Dans tous les cas de figure, il est conseillé de veiller aux points suivants :

– Le porte-parole fait partie de la cellule de crise, ou, du moins, travaille en étroite collaboration avec elle. Il doit être parfaitement informé de tout ce qui se passe, se prépare, se profile.

– Eviter de choisir un porte-parole trop jeune, qui paraîtrait inexpérimenté et enverrait le signal que l’entreprise ne prend pas assez la situation au sérieux. Il ne suffit pas d’être jeune pour être dynamique.

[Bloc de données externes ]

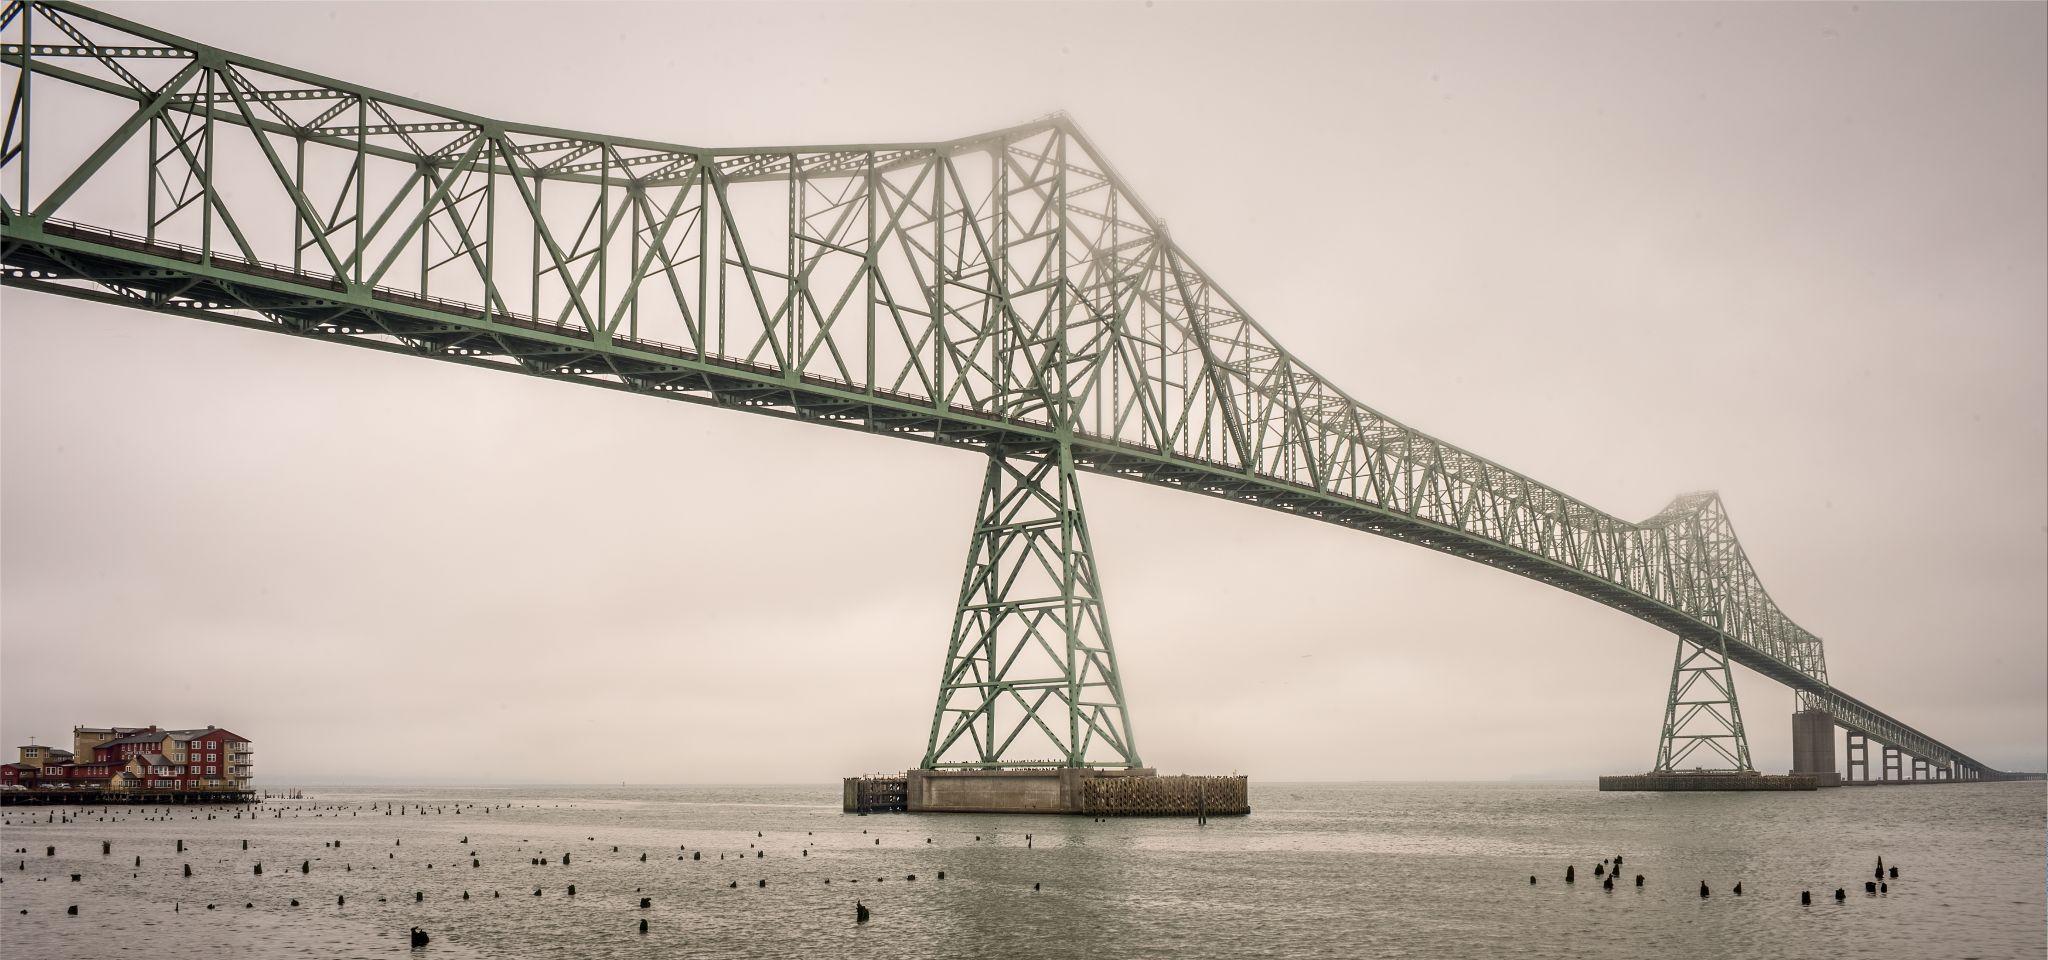 Astoria-Megler Bridge, USA

– Choisir quelqu’un qui s’exprime de manière claire, fluide, concrète et qui « passe bien » physiquement. Mieux vaut éviter quelqu’un d’apparence renfermée, sévère, triste ou trop joviale. Attention aussi à sa voix. En radio, la voix de votre porte-parole représente à elle-seule l’entreprise. Mieux vaut éviter les timbres monocorde, haut perché, les débits excessivement rapides.

– Former ses porte-parole potentiels à la prise de parole en public et devant les médias. Ce travail de formation doit être fait en amont, mais il peut s’accomplir aussi en urgence si besoin, lorsque la crise survient.

Il est aussi conseillé de veiller à l’apparence, à la présentation de ses porte-parole. Sans verser dans la dictature de la mode, quelques ajustements en matière de look, de vêtements, de coiffure peuvent être bénéfiques. Au moment de s’exposer devant les médias et le grand public, paraître moderne et dynamique est un plus.